Several features – including Firewall as a Service (FWaaS) that establishes network policy rules at the granular level to limit access to resources and services – are a sine qua non to prevent data vulnerabilities that have a propensity to jeopardize an organization’s resources.
User access segmentation is a crucial step in preventing ransomware attacks. IT admins control user access to resources and specify which individual can access which resource. More firms are now using two-factor authentication to ensure all users are authorized and verified before accessing company applications or networks.
How Zero Trust improves overall security posture
Broadly, micro-segmentation is a network technology used to divide company or data center networks into zones or segments. Micro-segmentation enables enterprises to offer secure network access and network monitoring. Furthermore, access between portions is strictly regulated.

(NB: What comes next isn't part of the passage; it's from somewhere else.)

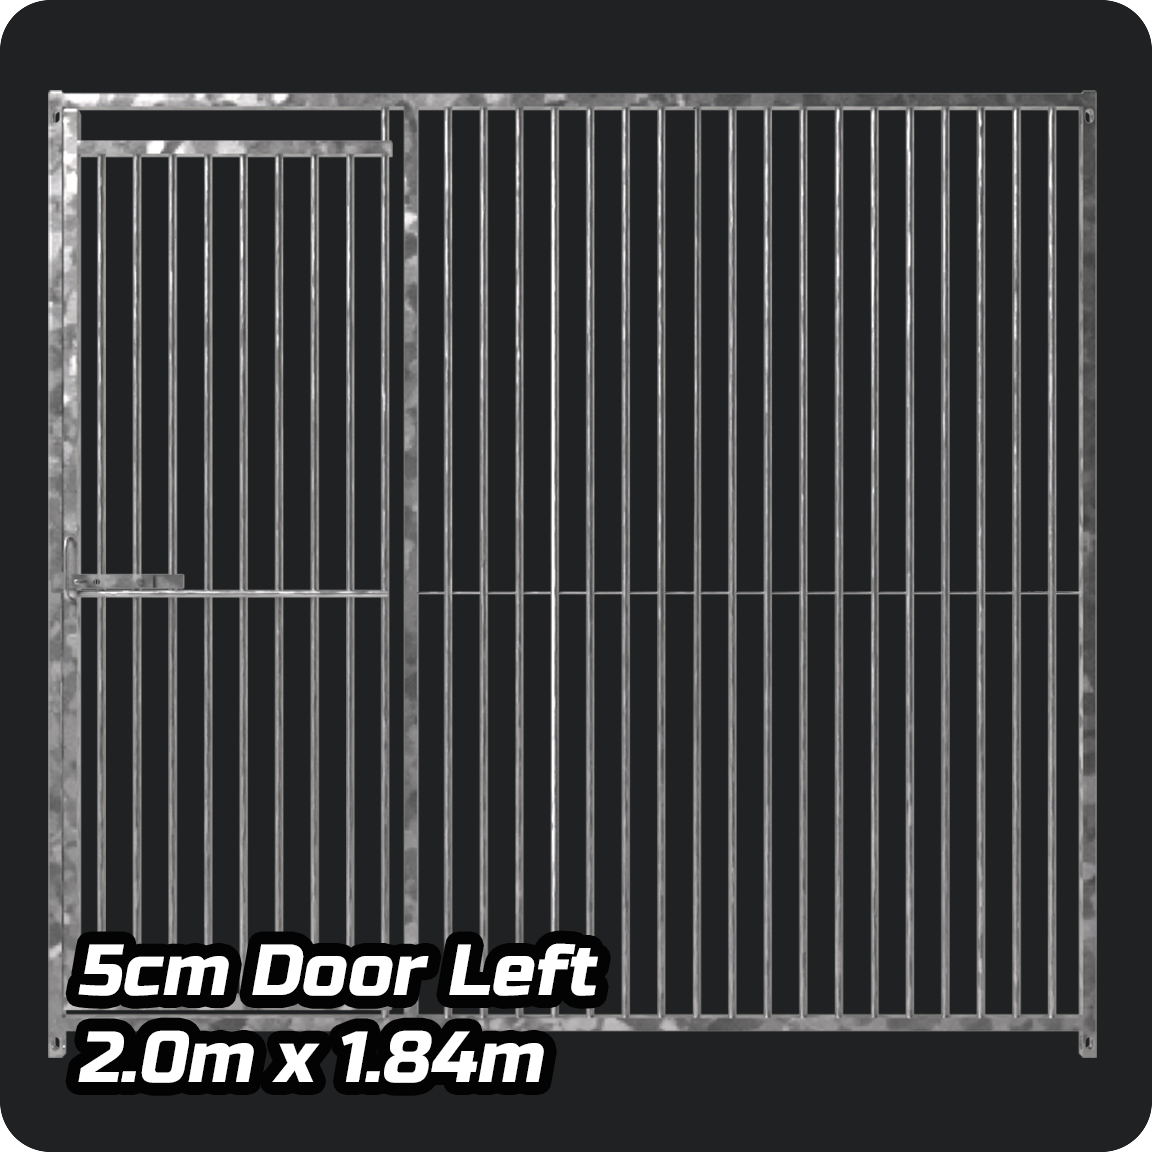 2m x 1.84m LEFT DOOR - Heavy duty Premium Galvanized - 5cm Gap Panels

After the perimeter is broken, micro-segmentation helps limit lateral movement by attackers or ransomware once the perimeter has been breached. The attack surface is significantly reduced by restricting access to certain programs and resources to specific members. This reduces the possibility of sensitive data being exfiltrated by the enterprise.
Least Privilege Controls
The idea of least privilege asserts that each module inside a system should access only the information and resources required for its legal use case or purpose. To cite an example, in a particular user group, user accounts will be granted access required for their business use cases and nothing more than that. In case of a breach, this will ensure that the attacker has limited access to resources and functions.
The notion of least privilege may be applied to users, endpoints, and tasks-automating apps such as CI/CD and build systems. Organizations should be wary of privilege creep, which is likely to occur over time when users are granted greater privileges to facilitate a one-time access request. Then the administrator forgets to withdraw those privileges when the access is no longer necessary.

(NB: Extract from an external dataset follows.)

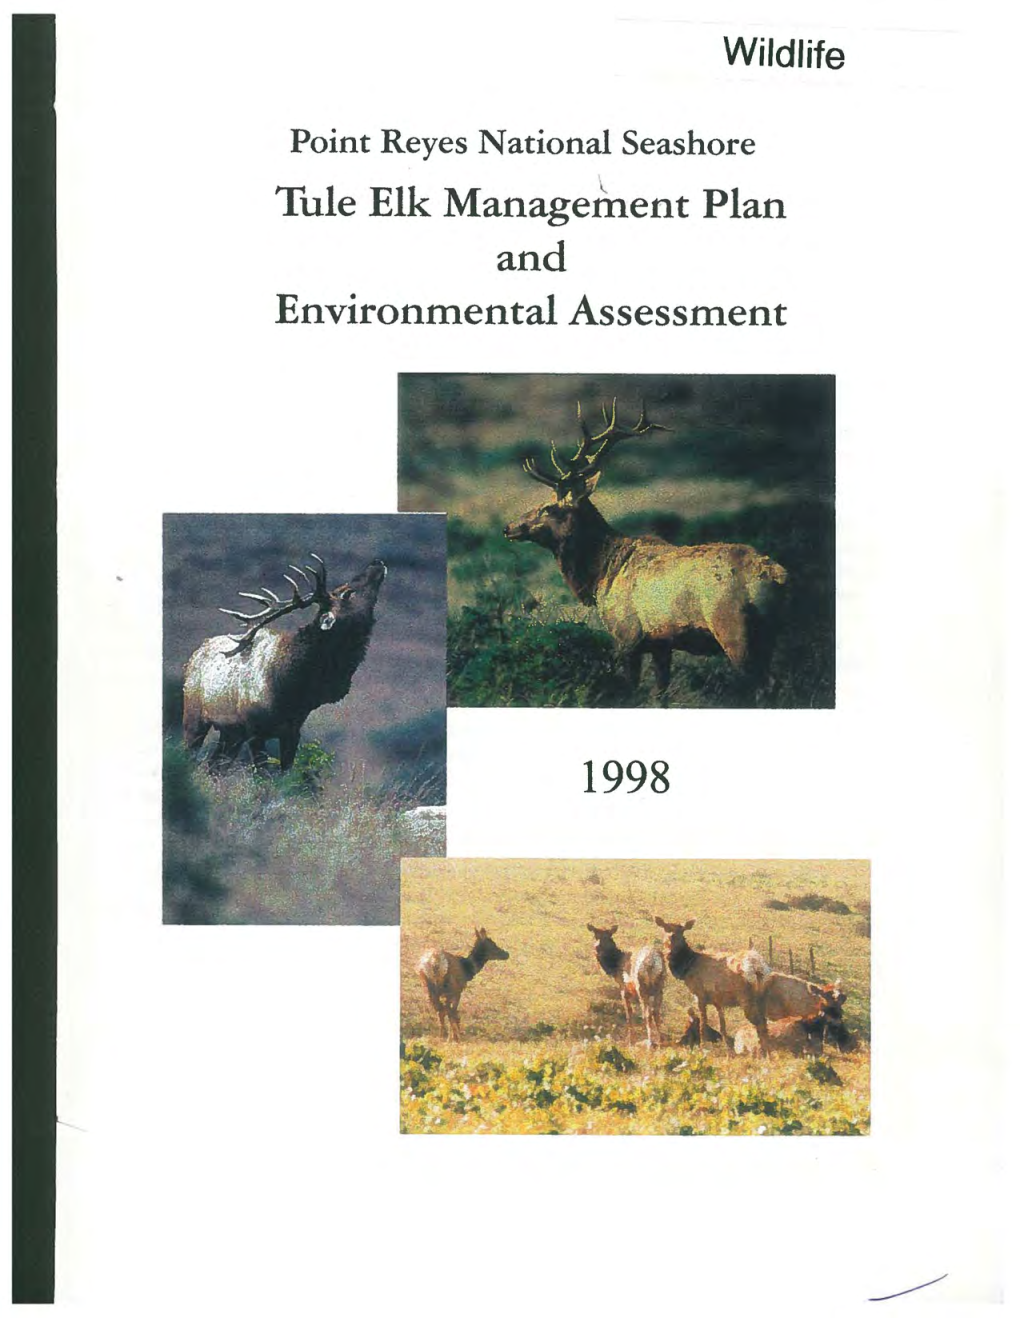 1998 Tule Elk Management Plan and Environmental Assessment

The least privilege notion is essential to establish Zero Trust security because it motivates security organizations to not trust users depending on whether they are within or outside the perimeter and allows them to check access continually.
Endpoint security technology is used to prevent the compromise of end-user devices. Here, software agents monitor endpoints for dangerous behavior, block the launch of processes, and prevent malware from being downloaded or malicious network access from being initiated from a compromised endpoint. A Comprehensive Zero Trust security infrastructure ensures the protection of all user endpoints with the help of an endpoint security solution.

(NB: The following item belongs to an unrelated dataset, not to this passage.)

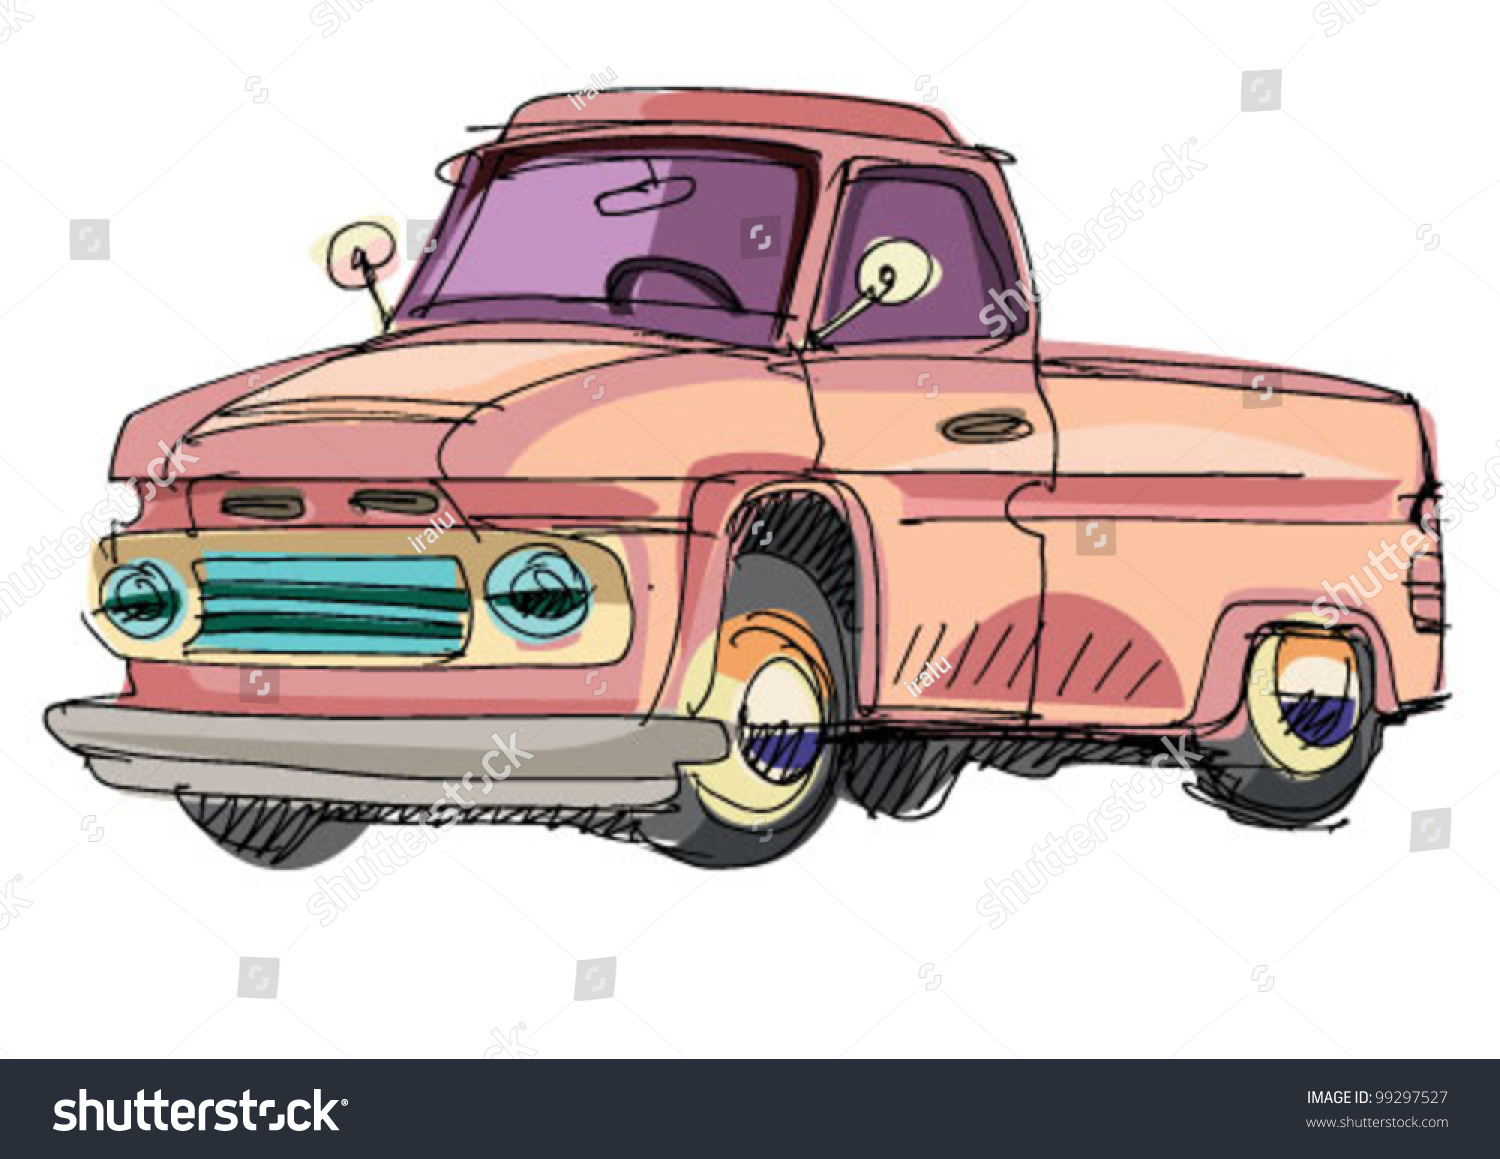 Old Car Cartoon Stock Vector 99297527 - Shutterstock

Getting Started with Zero Trust Security
Here are a few guidelines that can help you along your journey in implementing a comprehensive Zero Trust Security framework within your firm:
- Evaluate and audit users, endpoints, and business applications. Further, map the present access paths and the network flow between them.
- Consider using a single sign-on solution to unify various identity management systems.
- Adopt a network micro-segmentation strategy to prevent lateral movement by malware and ransomware and reduce the exposed attack surface.
- Standardize an endpoint security technology within the enterprise to secure endpoints when off-campus.
- Continuously audit user privileges and apply the least privilege approach to ensure users only have access to job-related resources.
- Security warnings from multiple products should be combined and evaluated using SIEM.
Hackers have taken recourse to more sophisticated techniques. Consequently, the field of cybersecurity remains one step ahead with new technology to equip enterprises with the appropriate tools to combat security risks.
With Zero Trust as a security procedure, businesses may remain safe from internet threats. Companies need to protect themselves against ransomware and other attacks by adopting authentication and segmentation policies and establishing trust zones.